Mathematical techniques for solving Olympiad problems in chemistry

Abstract

This article discusses the solution of Olympiad problems of various levels of complexity using mathematical equations. The author analyzes the content of the school chemistry course, hosting of school Chemistry Olympiads and the issues of preparation, as well as formulates methodology of teaching the secondary school student how to solve the Olympiad tasks. Most schoolchildren consider it necessary to use Olympiad tasks in lessons, because they develop students’ mental activity and analytical thinking. In addition, before you start solving Olympiad problems, you need to do a warm-up; you need to remember logarithms, systems of equations with two unknowns, a system of equations with three equations, quadratic equations, proportions, etc.

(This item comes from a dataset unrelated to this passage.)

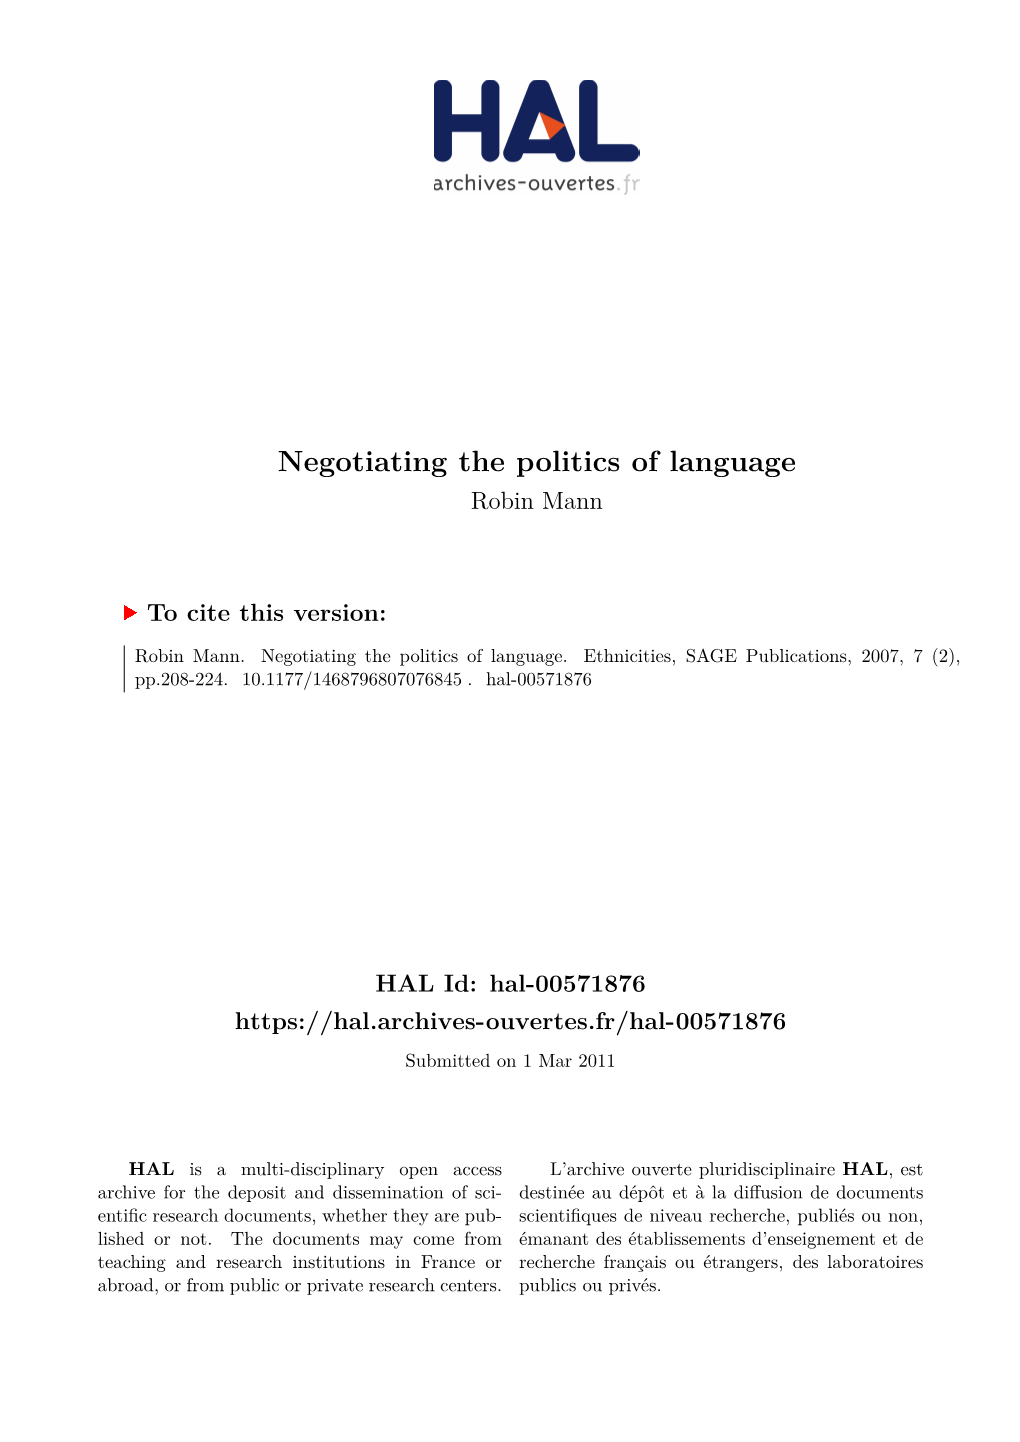 Negotiating the Politics of Language Robin Mann

And when using an engineering calculator, you need to enter the digital values correctly, otherwise you can easily make a mistake. Depending on the level of the Olympiad, time is given differently; the International Chemistry Olympiad (IChO) takes as many as 5 days of them, 3 three days for theoretical problems and two days for performing experimental problems, while the experimental problems require knowledge of mathematics, rounding, fractions, etc. etc. Along with (IChO) there is the International Mendeleev Olympiad (IMO) in chemistry, a widespread Olympiad among post-Soviet Republics in which the level of difficulty is similar to the level of complexity (IChO) but slightly different from the previous version.